# [MATERIAL PROVIDED]
- Opening Delimiter -

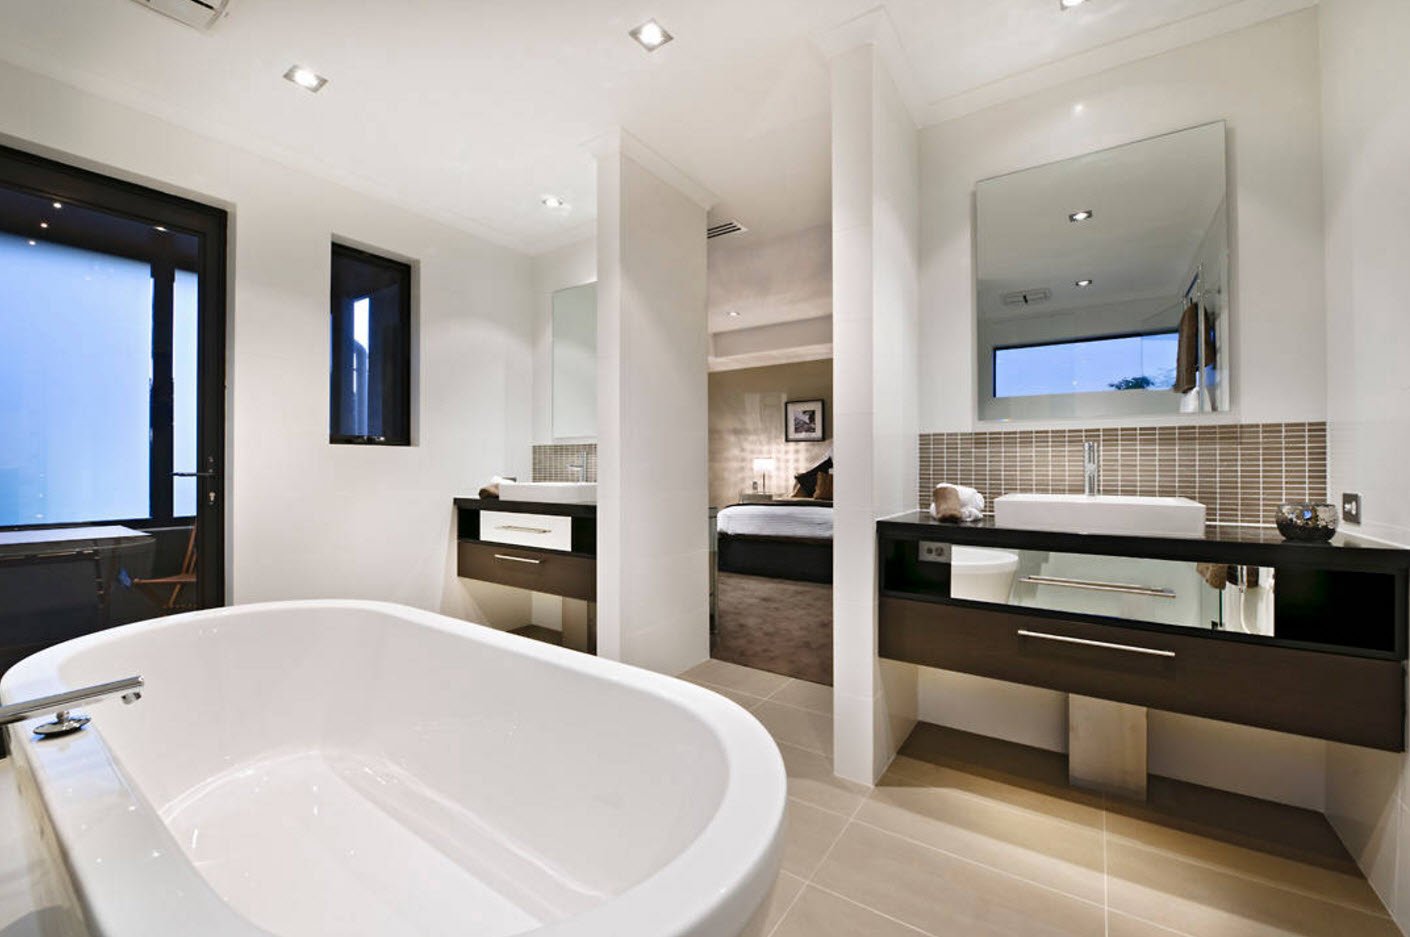 Ванная комната шире ванны. Современная ванная комната. Интерьер ванной комнаты. Ванная комната в современном стиле. Интерьер ванной комнаты в современном стиле.
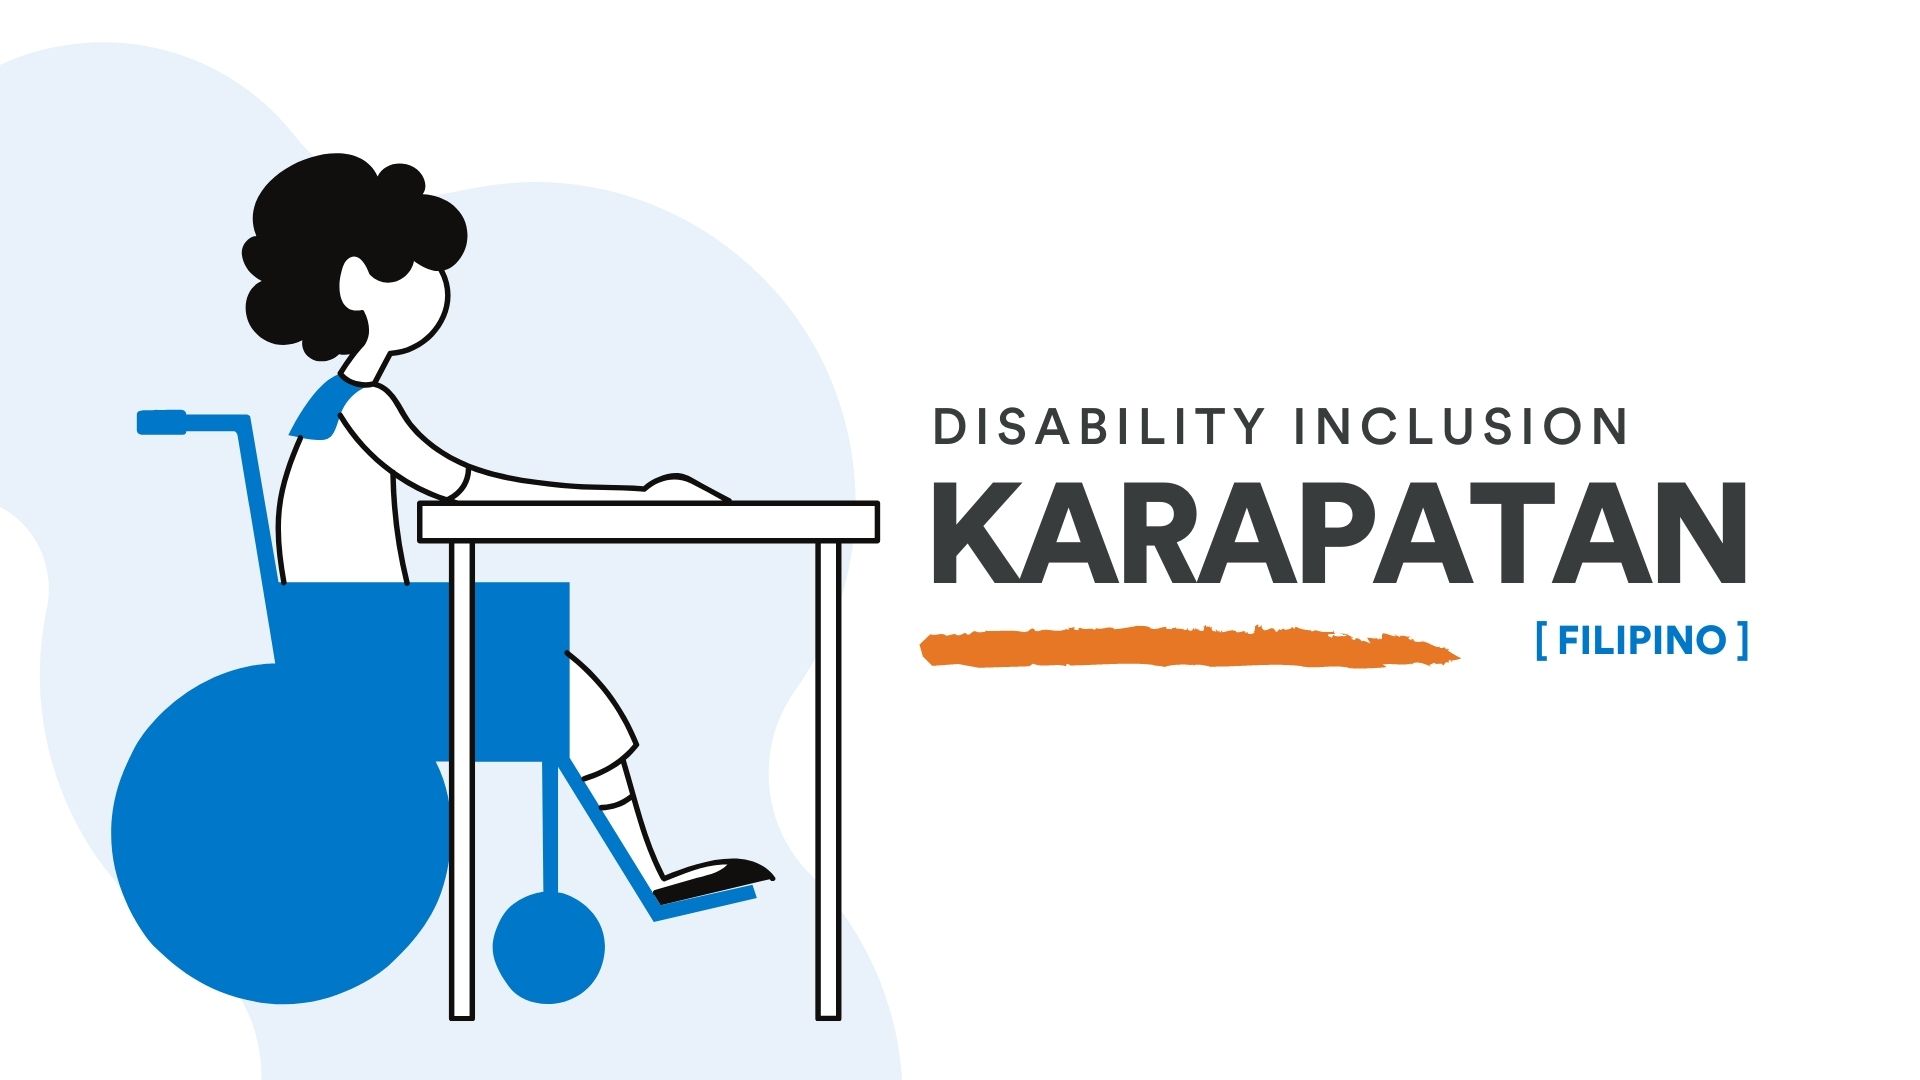 Karapatan: Disability Inclusion [Filipino]
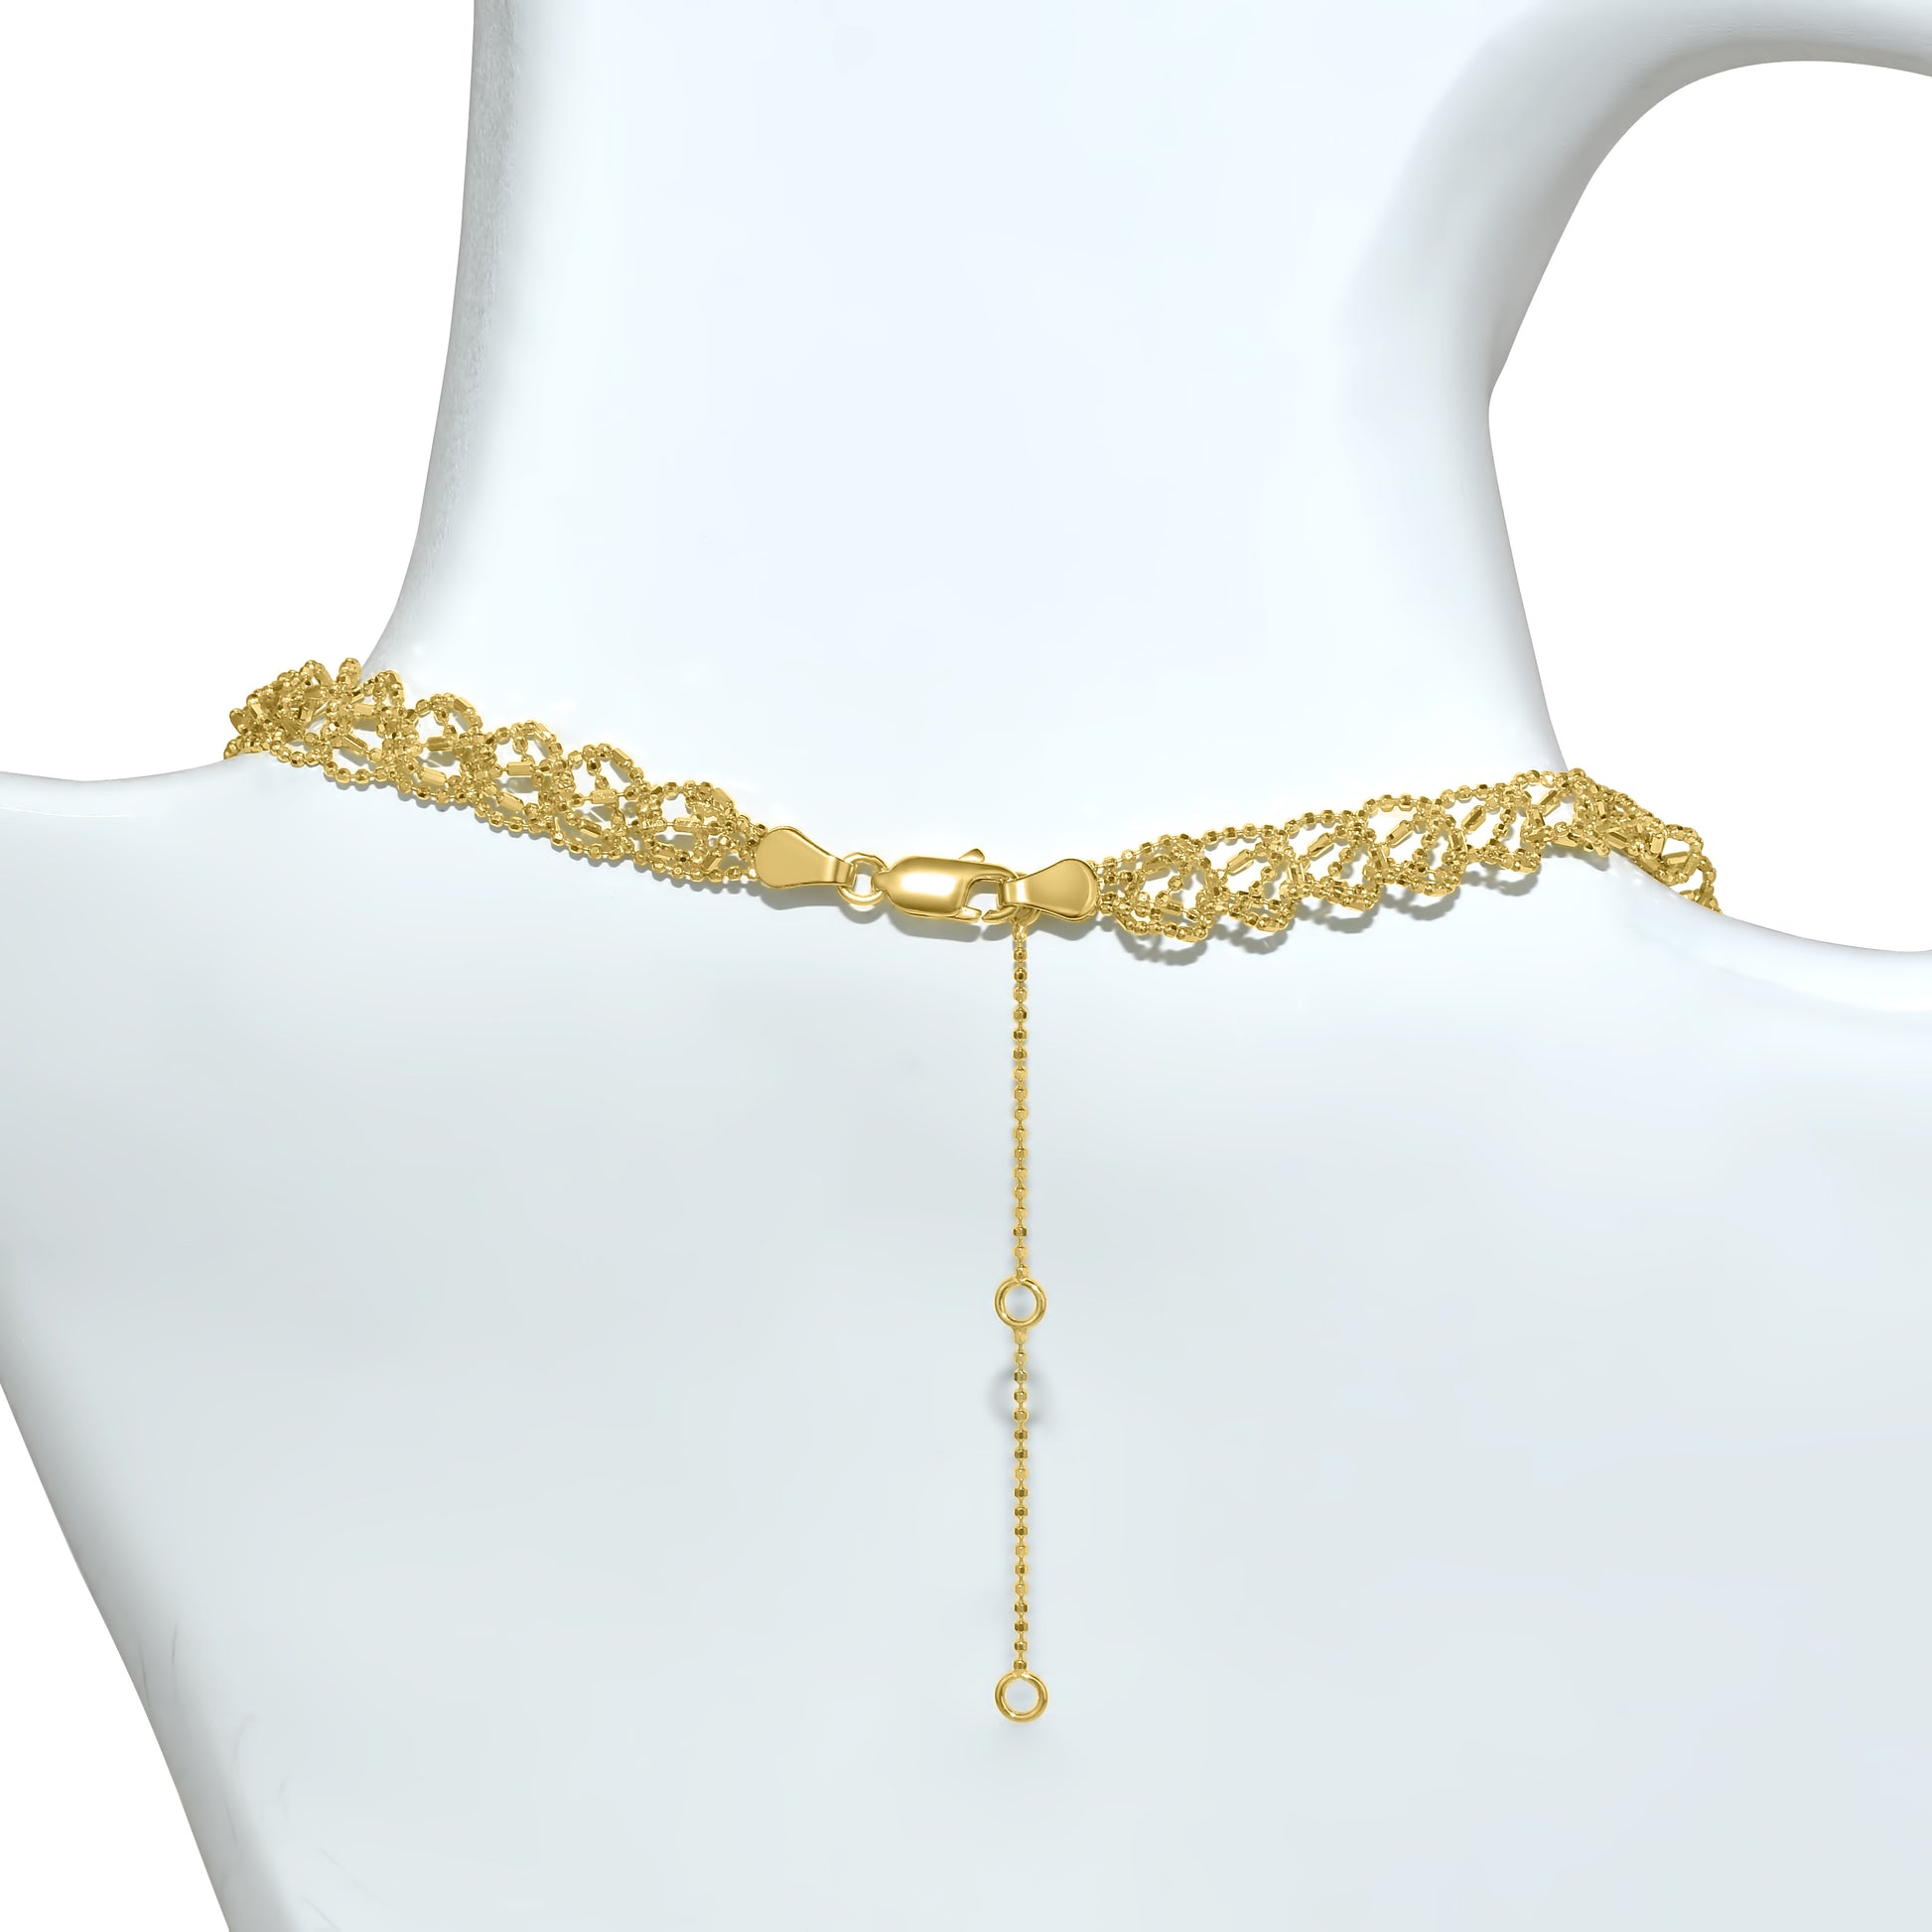 Séchic 14k Fancy Beaded Mesh Chain Necklace 17"

- Closing Delimiter -

# [AIM OF THE EXERCISE]
Write out the material above exactly. Skip the pictures.

# [OUTPUT FOR THIS EXERCISE]
 Ванная комната шире ванны. Современная ванная комната. Интерьер ванной комнаты. Ванная комната в современном стиле. Интерьер ванной комнаты в современном стиле.
 Karapatan: Disability Inclusion [Filipino]
 Séchic 14k Fancy Beaded Mesh Chain Necklace 17"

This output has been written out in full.